0

I have a two field sub aggregations: `['field1', 'field2']. Both fields are term aggregations. The way elasticsearch returns aggregations isn't very convenient with all those buckets and nesting and bucket nesting. I am having troubles on transforming elasticsearch results to list of dicts e.g

elasticsearch fake results:

'aggregations':{
    'field1':{
        'buckets':[
            {
                'key':'value1',
                'field2':{
                    'buckets':[
                        {
                            'key':'1.1.1.1',
                            'doc_count':15
                        },
                        {
                            'key': '2.2.2.2',
                            'doc_count': 12
                        }

                    ]

                }
            },
            {
                'key': 'value2',
                'field2': {
                    'buckets': [
                        {
                            'key': '3.3.3.3',
                            'doc_count': 15
                        },
                        {
                            'key': '4.4.4.4',
                            'doc_count': 12
                        }
                     ]
                 }

            },
            {
                'key': 'value3',
                'field2': {
                    'buckets': [
                        {
                            'key': '5.5.5.5',
                            'doc_count': 15
                        },
                        {
                            'key': '6.6.6.6',
                            'doc_count': 12
                        }
                     ]
                 }
            }
        ]
    }
}

I would like the result to be in the form of this:

[{'field1':'value1', 'field2':'1.1.1.1'}, 
 {'field1':'value1', 'field2':'2.2.2.2'},
 {'field1':'value2', 'field2':'3.3.3.3'},
 {'field1':'value2', 'field2':'4.4.4.4'},
 {'field1':'value3', 'field2':'5.5.5.5'},
 {'field1':'value3', 'field2':'6.6.6.6'} ]

like a normal database with rows and columns.

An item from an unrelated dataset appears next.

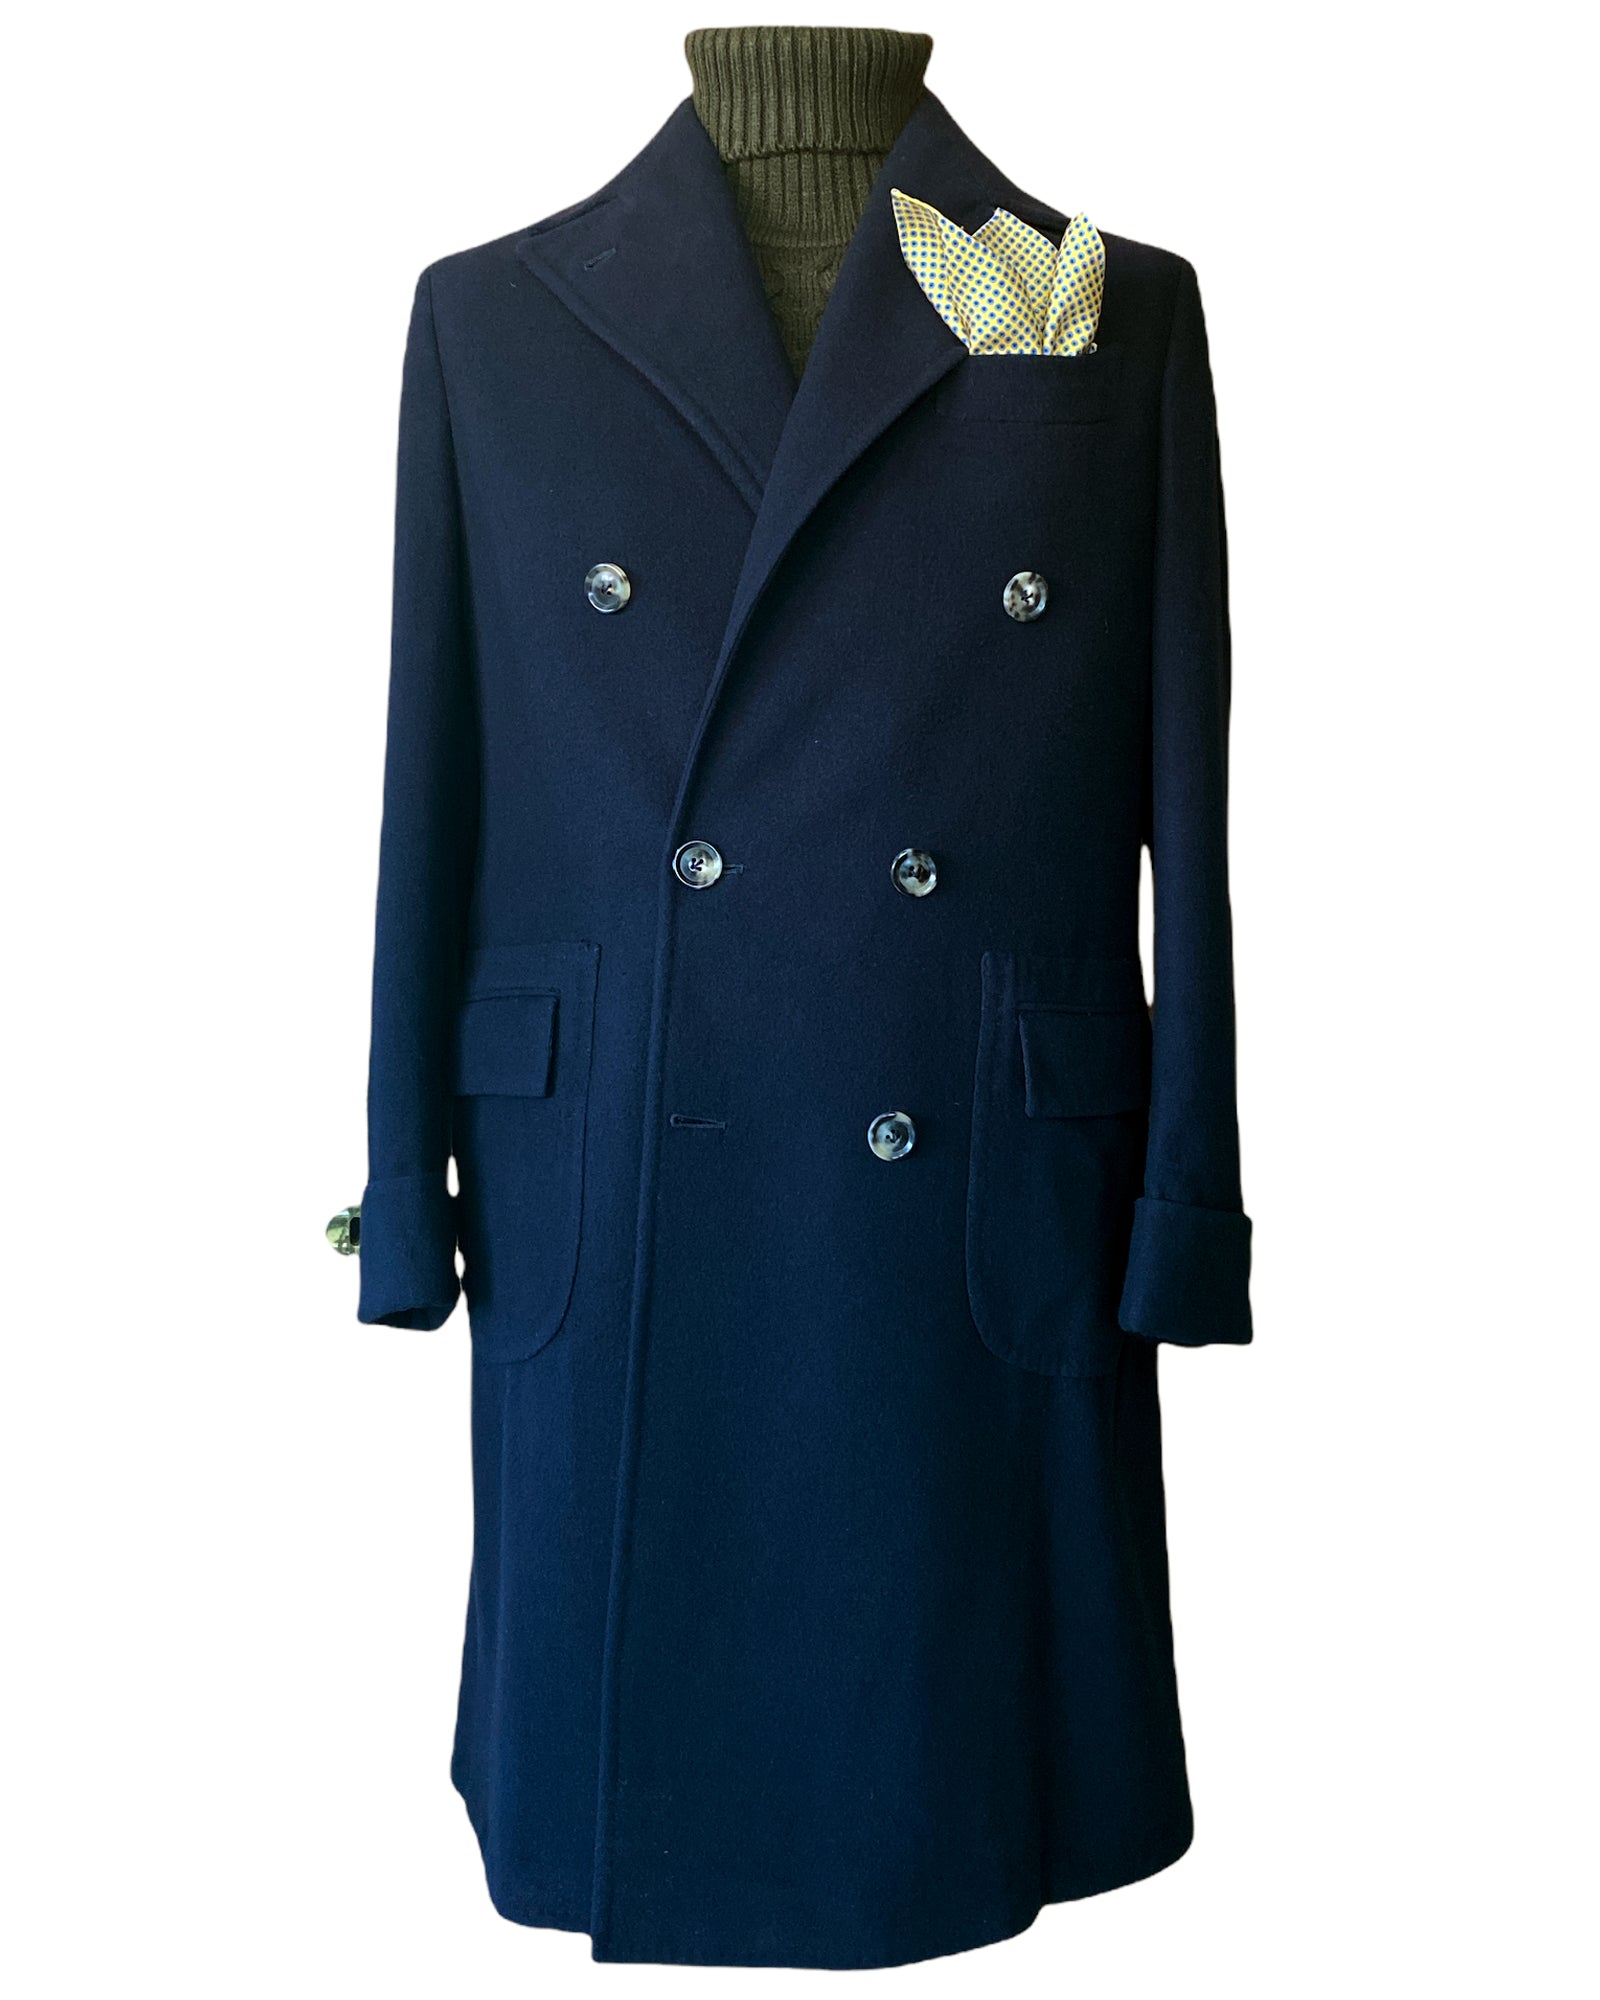 Ulster Navy Blue Overcoat
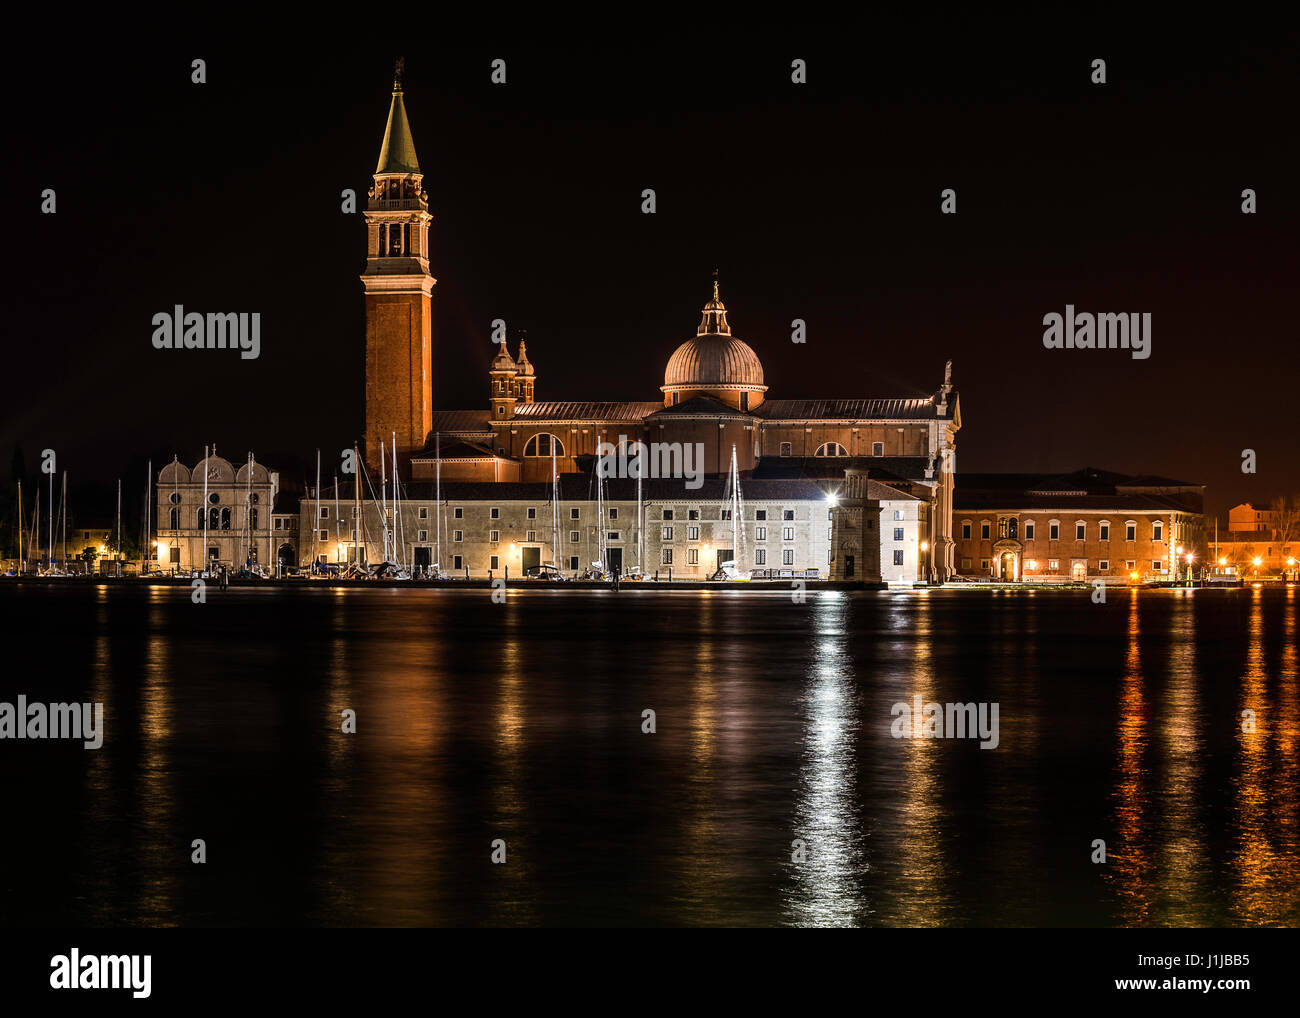 Nuit longue exposition de l'image Isloa di San Giorgio Maggiore dans tout le bassin San Marco, Venise, Italie Banque D'Images

The aggregation name must be the column name this is necessary. I have thought of using some tree representation of the data and then after creating the tree data structure with dfs create each row of the results. But need a place to start.

Apostolos
  • 7,763
  • 17
  • 80
  • 150
  • Why not parsing the buckets on the client side? 2-3 lines of Python would take care of transforming your result into the desired structure. – Val Nov 22 '16 at 09:38
  • @Val I am talking about client side. It's not a very easy problem in my opinion. Kibana does it in the frontend two using a similar approach with linked lists and traversing the buckets and metrics – Apostolos Nov 23 '16 at 11:09

1 Answers1

0

If you load that JSON aggregation results into a dictionary (json.loads('{...}')), you can then iterate over it very simply in 3 lines of code:

fields = []
for bucket in agg['aggregations']['field1']['buckets']:
    for sub in bucket['field2']['buckets']:
        fields.append({'field1': bucket['key'], 'field2': sub['key']})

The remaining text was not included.